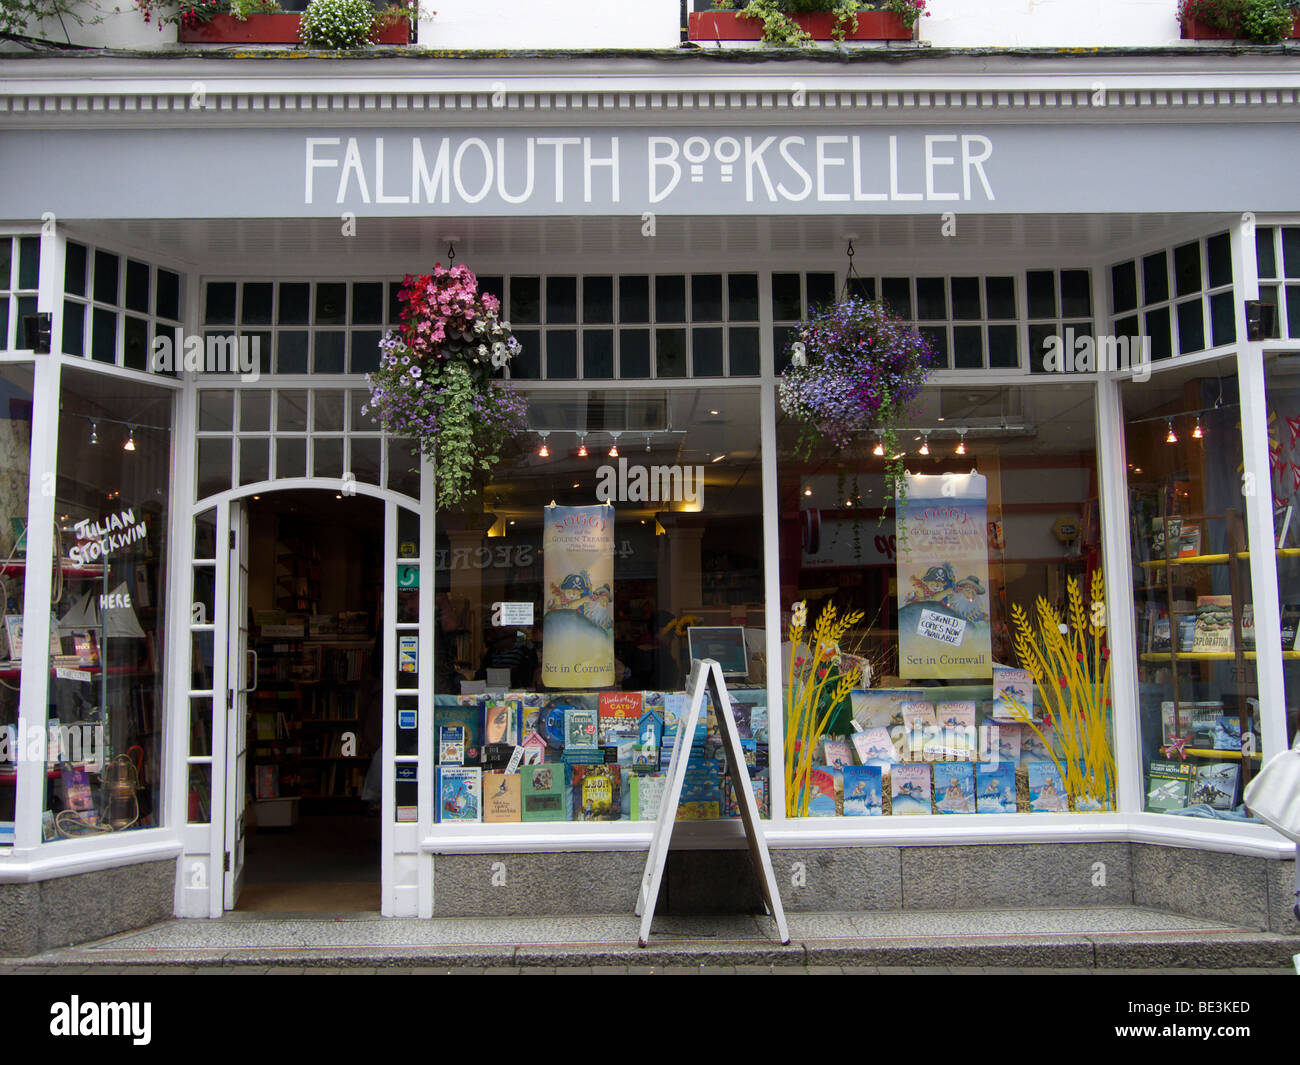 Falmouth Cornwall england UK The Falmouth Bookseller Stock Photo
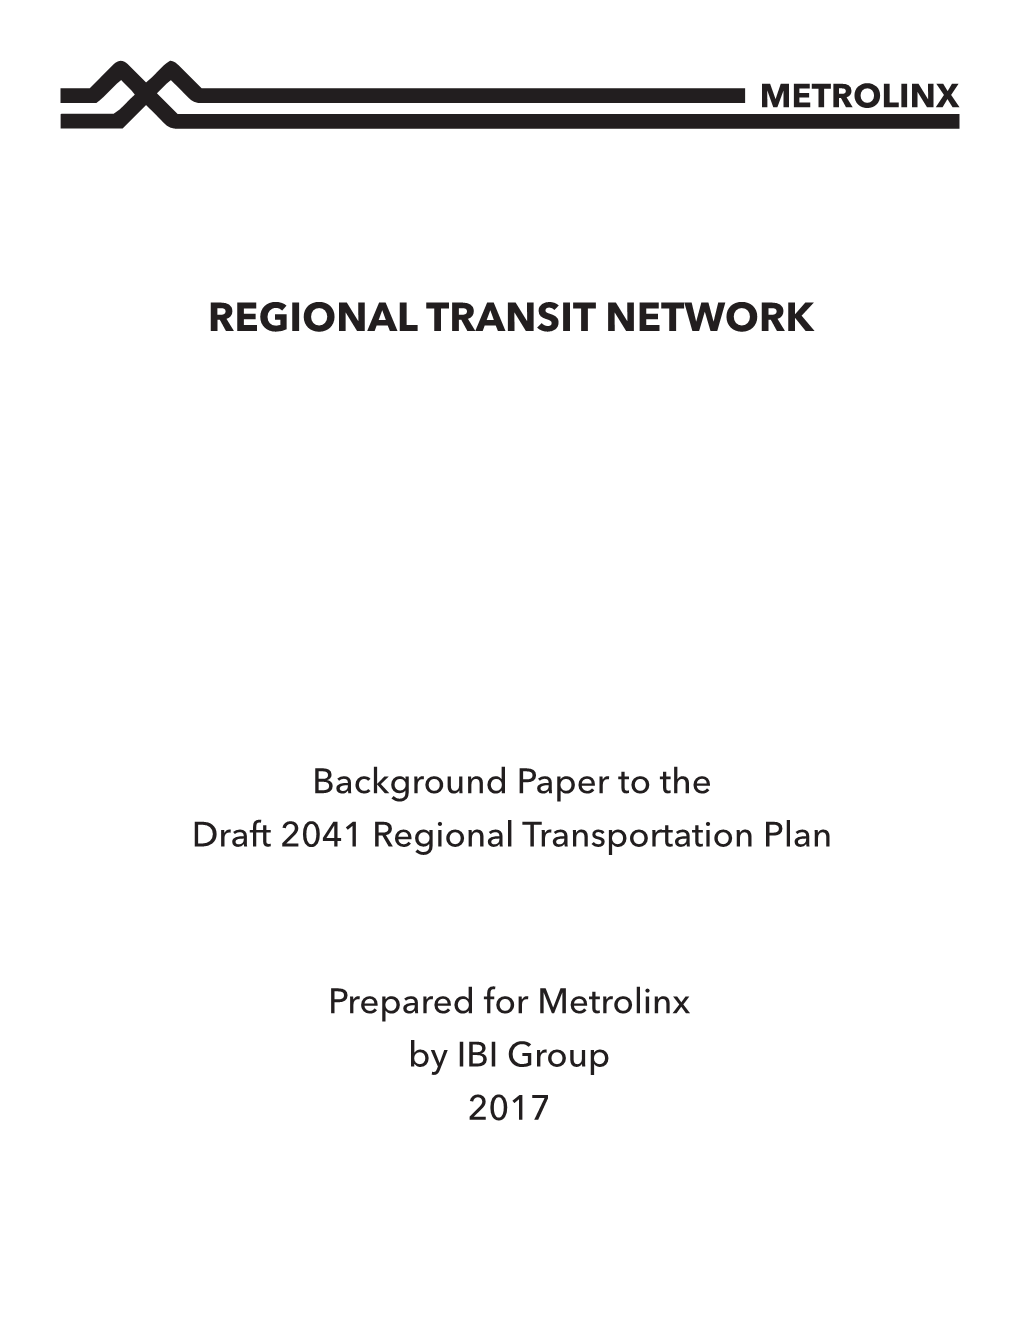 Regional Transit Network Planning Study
+++
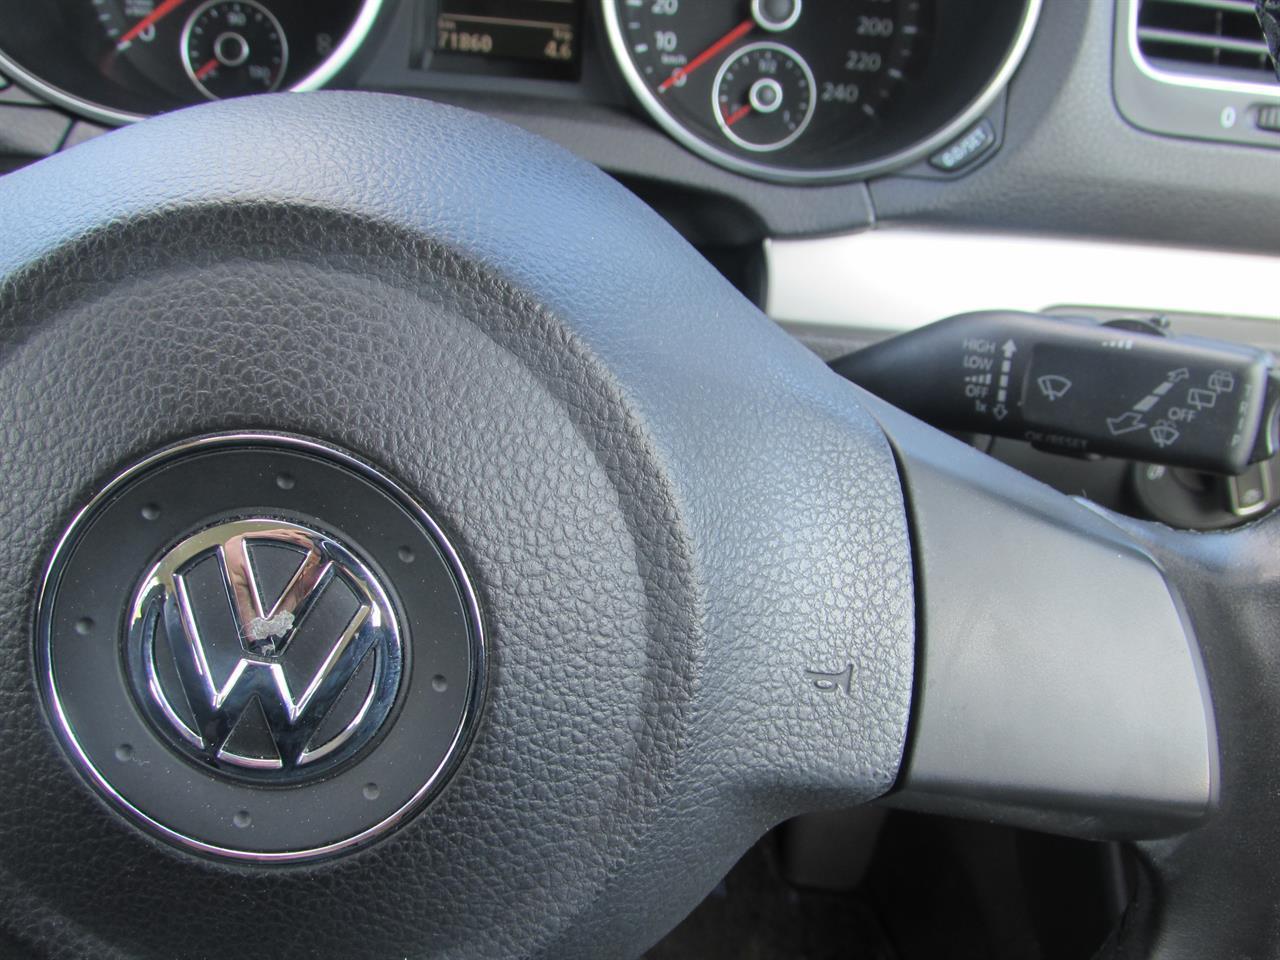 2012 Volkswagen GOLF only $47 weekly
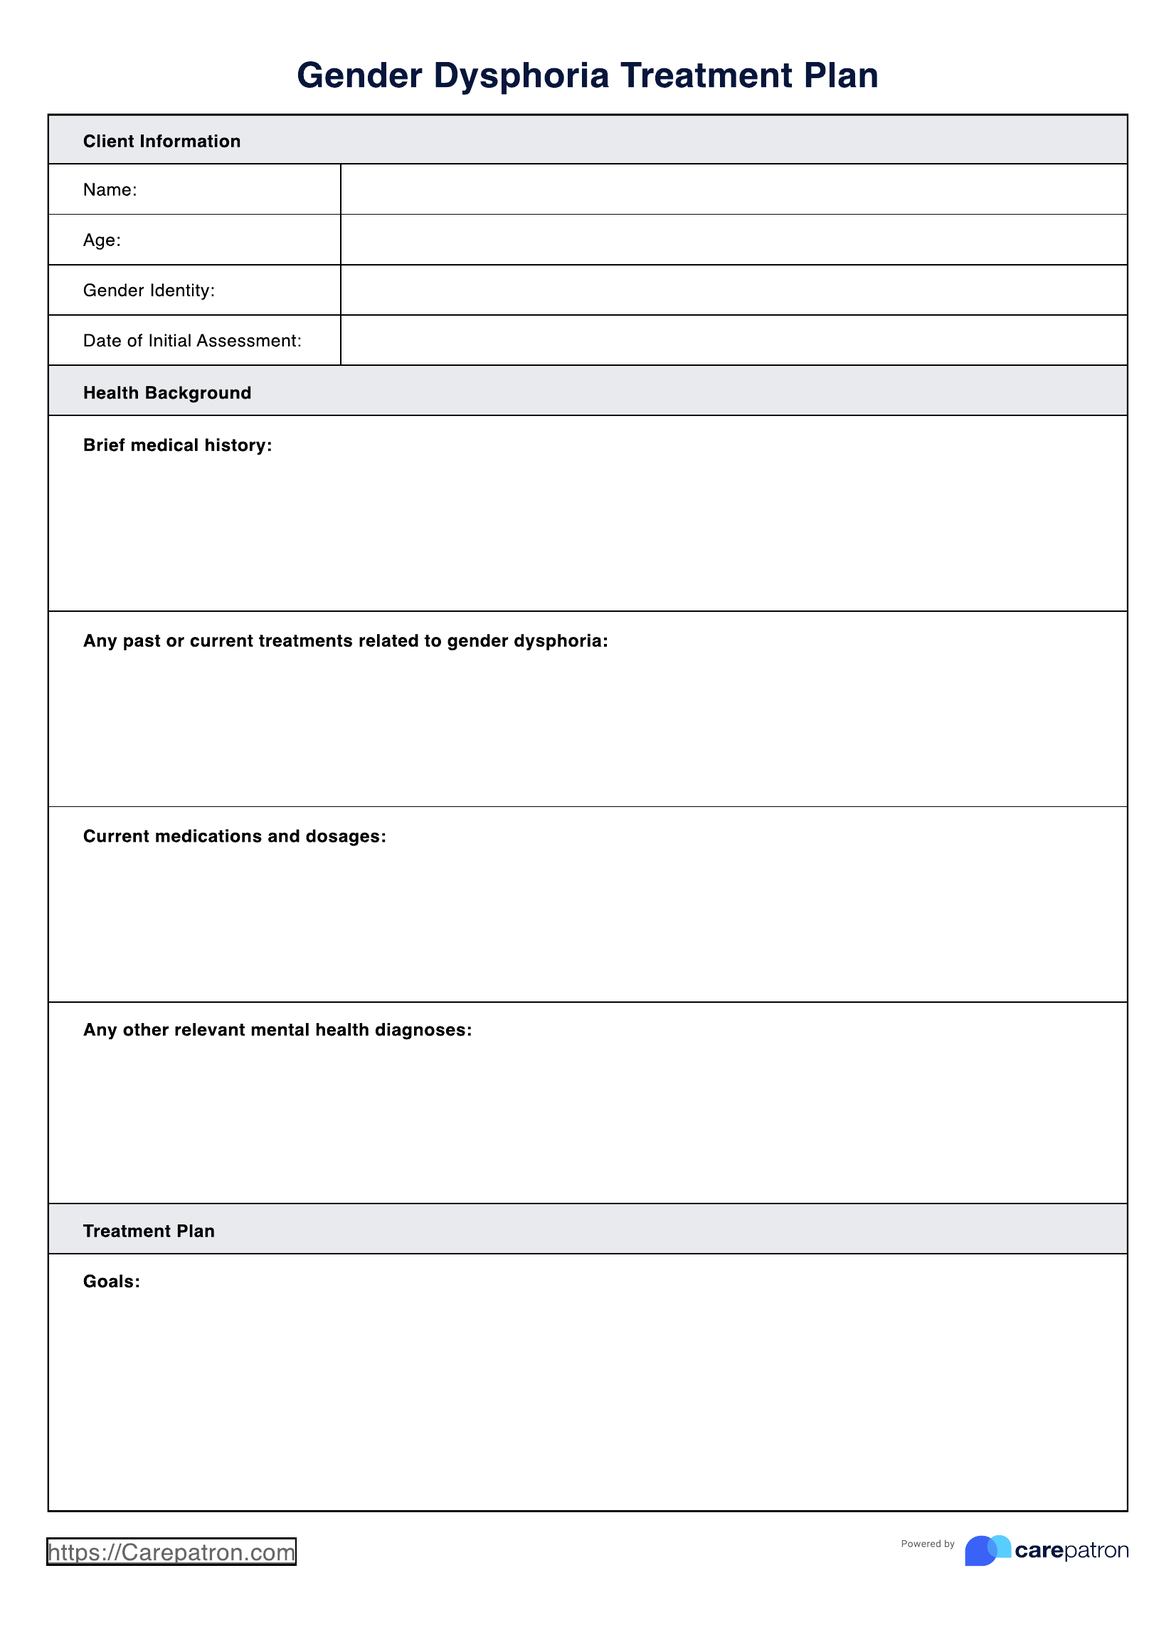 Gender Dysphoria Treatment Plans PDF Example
+++
● **Task objective**: In the listing above, the required lines run from the line with "Falmouth Cornwall england" through the line with "Regional Transit Network Planning Study". Output exactly those lines, omitting pictures.

● **Exercise solution**:
 Falmouth Cornwall england UK The Falmouth Bookseller Stock Photo
 Regional Transit Network Planning Study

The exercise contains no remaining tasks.